RARE Daily

FDA Takes First Step Toward International Regulation of Gene Therapies to Treat Rare Diseases

January 26, 2024

Rare Daily Staff

In January, the FDA announced the launch of its Collaboration on Gene Therapies Global Pilot, an effort to harmonize regulation for cell and gene therapies across authorities in various countries to shorten review time, cut costs, and improve the commercial viability of these therapies.

The effort, known as CoGenT Global draws on the success of the Oncology Center for Excellence’s Project Orbis, which was established in 2019 and provides for the concurrent submission and review of oncology products among international partners, including Australia, Brazil, Canada, Israel, Singapore, Switzerland, and the United Kingdom.

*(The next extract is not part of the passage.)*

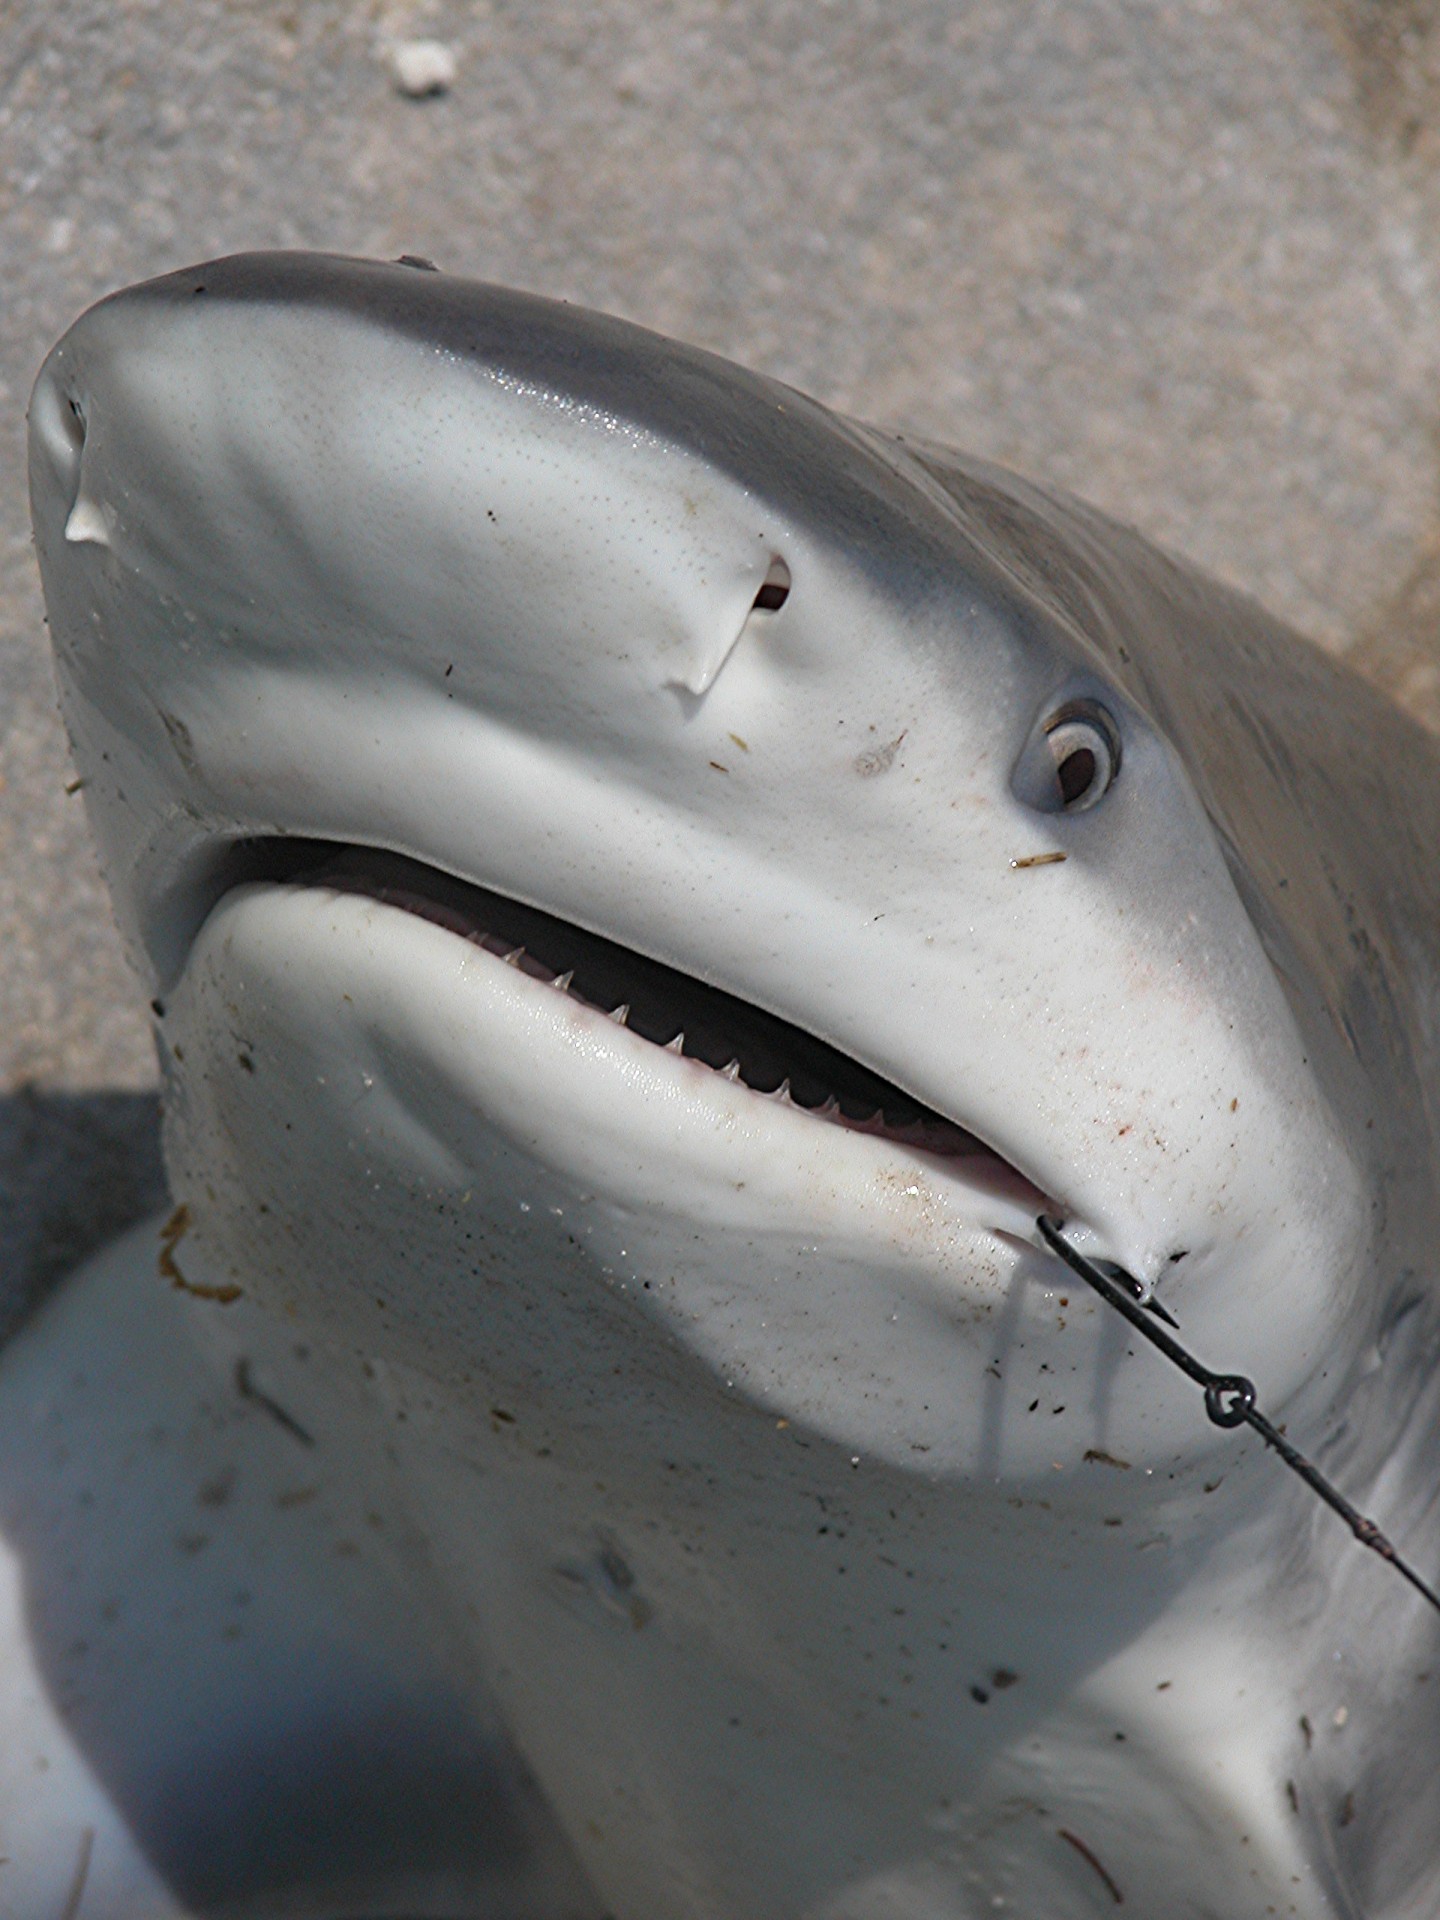 Shark Captura de lanzamiento Stock de Foto gratis - Public Domain Pictures

Writing in The National Law Review, Chia-Feng Lu and Caroline Abbott of Greenberg Traurig, note that there are more than 900 ongoing clinical trials of cell and gene therapies in North America and that by 2025, the FDA expects to approve 10 to 20 cell and gene therapy products each year. With 34 FDA-approved cell and gene therapies and many more on the way, they say it has raised several policy questions that FDA expects to address.

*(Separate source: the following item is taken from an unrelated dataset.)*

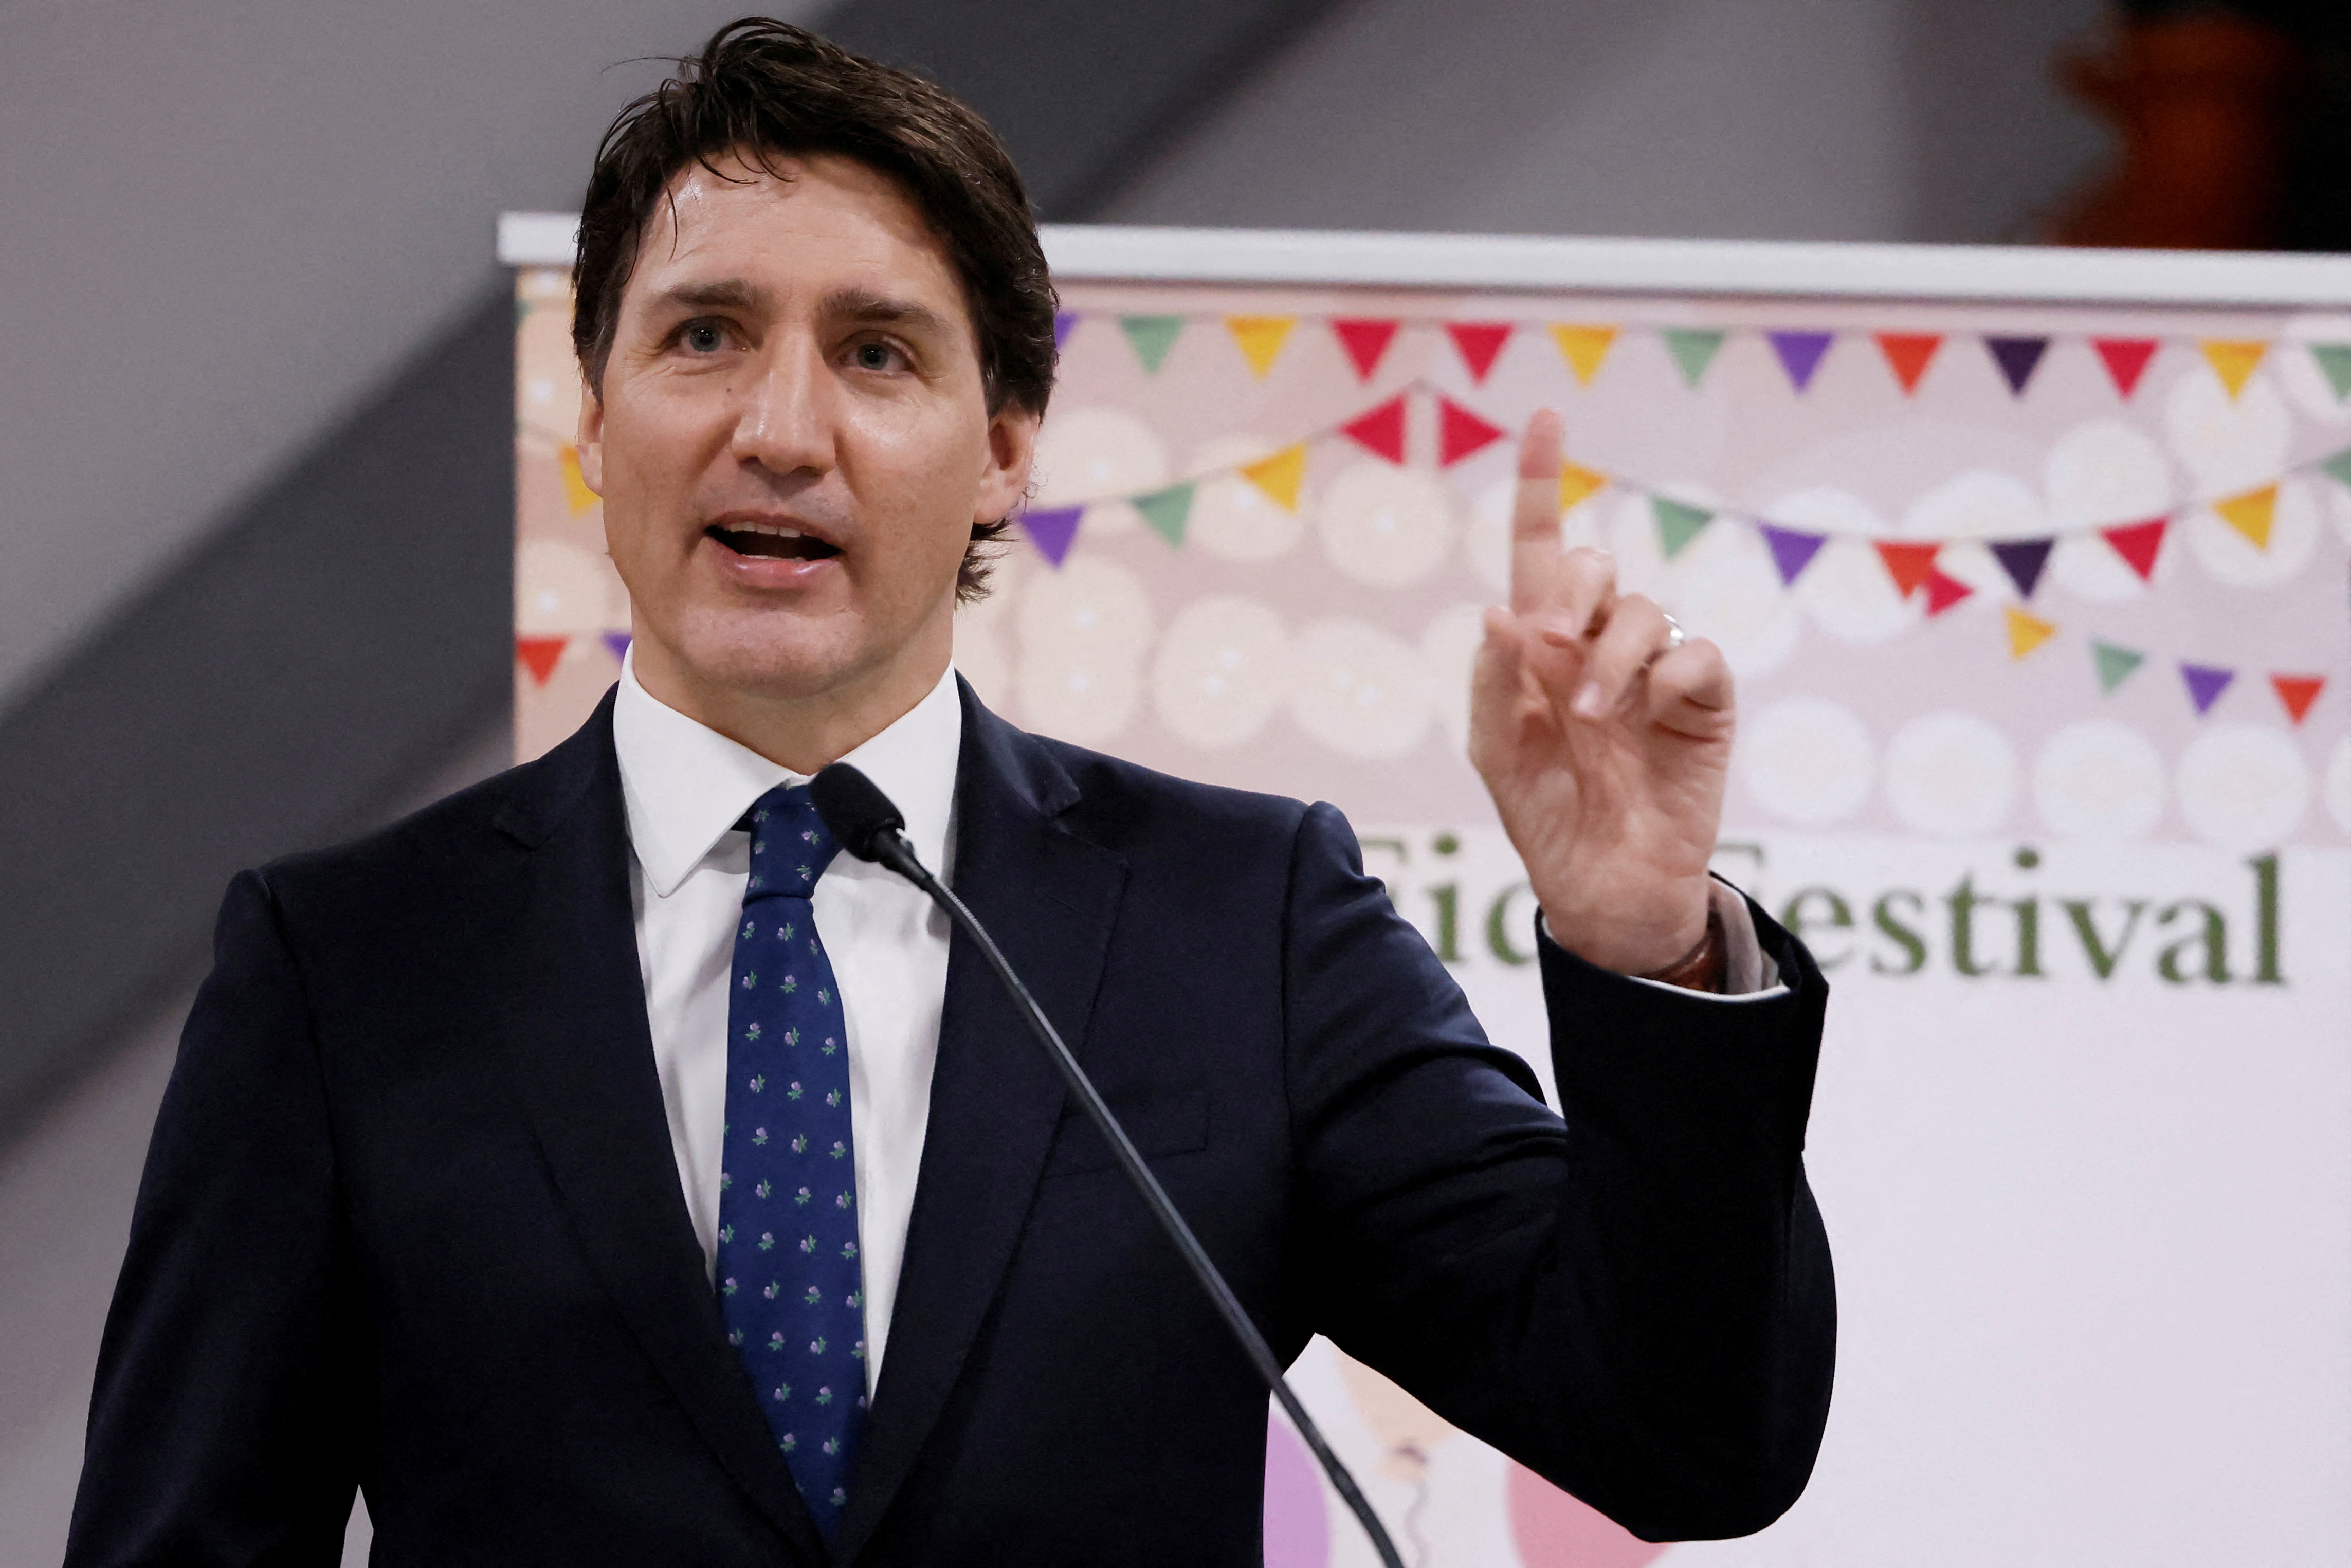 File photo: Canadian Prime Minister Justin Trudeau

Among those are the challenge of how to address the large number of ultra-rare diseases that afflict small patient populations and pose economic challenges for therapeutic developers to pursue treatments and potential cures. “These scale issues are exacerbated by disjointed global regulatory schemes that lack uniformity or harmonization,” the authors write. “This regulatory misalignment, in turn, increases review timetables and costs, which further deters investment in and development of gene therapies for rare diseases.”

They said the CoGenT Global initiative aims to increase investment in and development of such therapies and promote the development and accessibility of gene therapies globally by leveraging the global patient population and streamlining the review process by coordinating review efforts and reducing redundant submissions and regulatory reviews.

Though the agency hasn’t announced any specifics about how companies can participate in the pilot, the authors expect the agency to provide greater detail about the initiative in the next few months.